Pendant longtemps, ces pathologies ont été associées aux régions tropicales. Pourtant, la situation évolue rapidement. En France métropolitaine, le moustique-tigre est désormais présent dans la majorité des départements et les cas de transmission locale de dengue ou de chikungunya se multiplient. Dans le même temps, certaines espèces de tiques colonisent de nouveaux territoires. Face à cette menace en pleine mutation, les chercheurs développent de nouvelles approches pour comprendre les vecteurs, surveiller leur progression et imaginer des stratégies de lutte innovantes.
Des vecteurs minuscules aux conséquences majeures
Les moustiques et les tiques sont devenus des acteurs majeurs de la santé mondiale. Leur dangerosité ne tient pas à leur taille mais à leur capacité à héberger et transmettre des agents pathogènes particulièrement redoutables. Lorsqu’ils se nourrissent du sang d’un animal ou d’un humain infecté, ils peuvent acquérir un virus, une bactérie ou un parasite, puis le transmettre à une nouvelle victime lors d’une piqûre ultérieure.
Parmi les milliers d’espèces de moustiques recensées dans le monde, seule une minorité représente une menace pour l’être humain. En France, le moustique-tigre, Aedes albopictus, est devenu le symbole de cette évolution sanitaire. Introduit dans les Alpes-Maritimes en 2004, il a progressivement colonisé une grande partie du territoire. Son succès repose sur une remarquable capacité d’adaptation. Ses œufs peuvent survivre aux périodes froides grâce à un mécanisme de diapause qui leur permet d’attendre des conditions plus favorables pour éclore.
Cette espèce est aujourd’hui capable de transmettre la dengue, le chikungunya et le virus Zika. Le moustique commun, Culex pipiens, constitue une autre menace souvent moins visible. Il est notamment vecteur du virus du Nil occidental, susceptible de provoquer des atteintes neurologiques parfois graves.
Les tiques représentent un danger différent. Contrairement aux moustiques qui piquent rapidement, elles restent accrochées plusieurs jours à leur hôte. Cette proximité prolongée facilite la transmission de certains agents infectieux. La tique commune, Ixodes ricinus, est notamment responsable de la transmission de la maladie de Lyme et de l’encéphalite à tiques. Plus préoccupante encore, la tique géante Hyalomma marginatum progresse dans le sud de la France. Elle est capable de transmettre le virus de la fièvre hémorragique de Crimée-Congo, une maladie dont la létalité peut atteindre des niveaux particulièrement élevés.
Quand le changement climatique favorise les épidémies
Les maladies vectorielles connaissent aujourd’hui une expansion sans précédent. Selon les estimations internationales, près de 80 % de la population mondiale vit désormais dans des zones exposées à au moins une maladie transmise par des arthropodes vecteurs. L’expansion des maladies vectorielles ne relève pas du hasard. Elle résulte d’une combinaison de facteurs environnementaux qui modifient profondément les écosystèmes. Longtemps perçue comme relativement épargnée, l’Europe n’échappe plus à cette dynamique, et la France métropolitaine en offre une illustration particulièrement frappante.
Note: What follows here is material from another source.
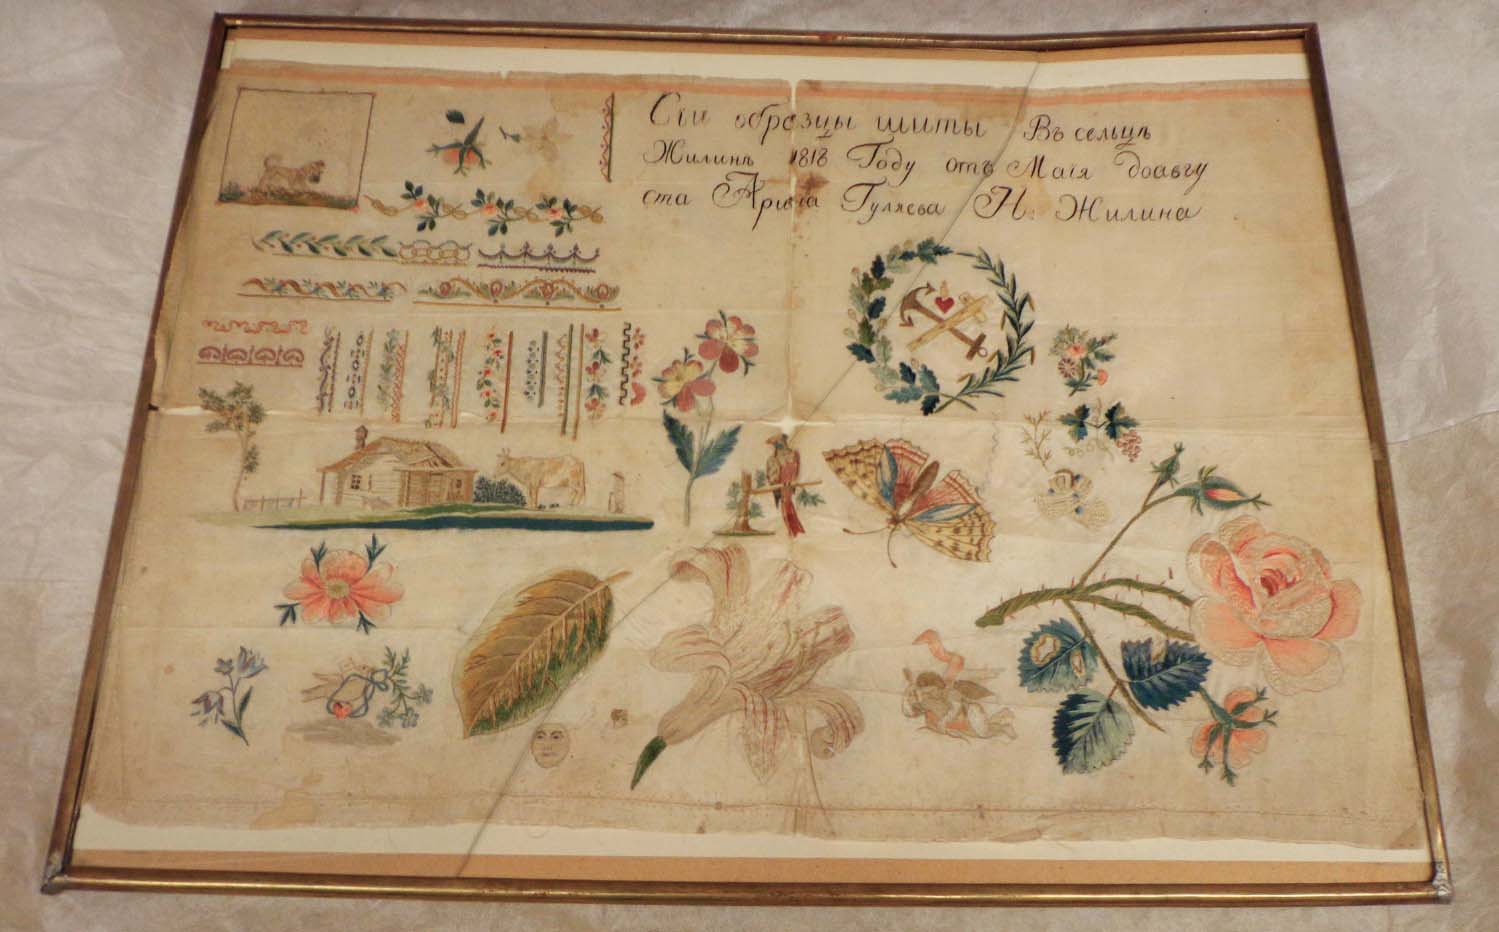 Образец вышивок. Россия, 1818 г. Атлас, шёлковые нити; ручная вышивка

L’année 2025 a marqué un tournant. Alors que les cas autochtones de dengue ou de chikungunya demeuraient exceptionnels il y a encore quelques années – rarement plus de quelques cas recensés chaque année avant 2022 –, les transmissions locales ont connu une accélération spectaculaire. Le moustique-tigre, est désormais implanté dans 81 départements français et constitue le principal moteur de cette évolution. Chaque voyageur revenant d’une zone d’endémie peut potentiellement introduire un virus susceptible d’être relayé localement par les populations de moustiques déjà installées.
Cette progression ne concerne pas uniquement les arbovirus tropicaux. Le virus du Nil occidental, transmis par le moustique commun Culex pipiens, étend lui aussi son territoire. Historiquement concentré dans le bassin méditerranéen, il a récemment été détecté dans des régions jusqu’alors épargnées comme l’Île-de-France, la Normandie ou l’Auvergne-Rhône-Alpes. Ce déplacement vers le nord témoigne de la profonde recomposition des écosystèmes favorables aux vecteurs.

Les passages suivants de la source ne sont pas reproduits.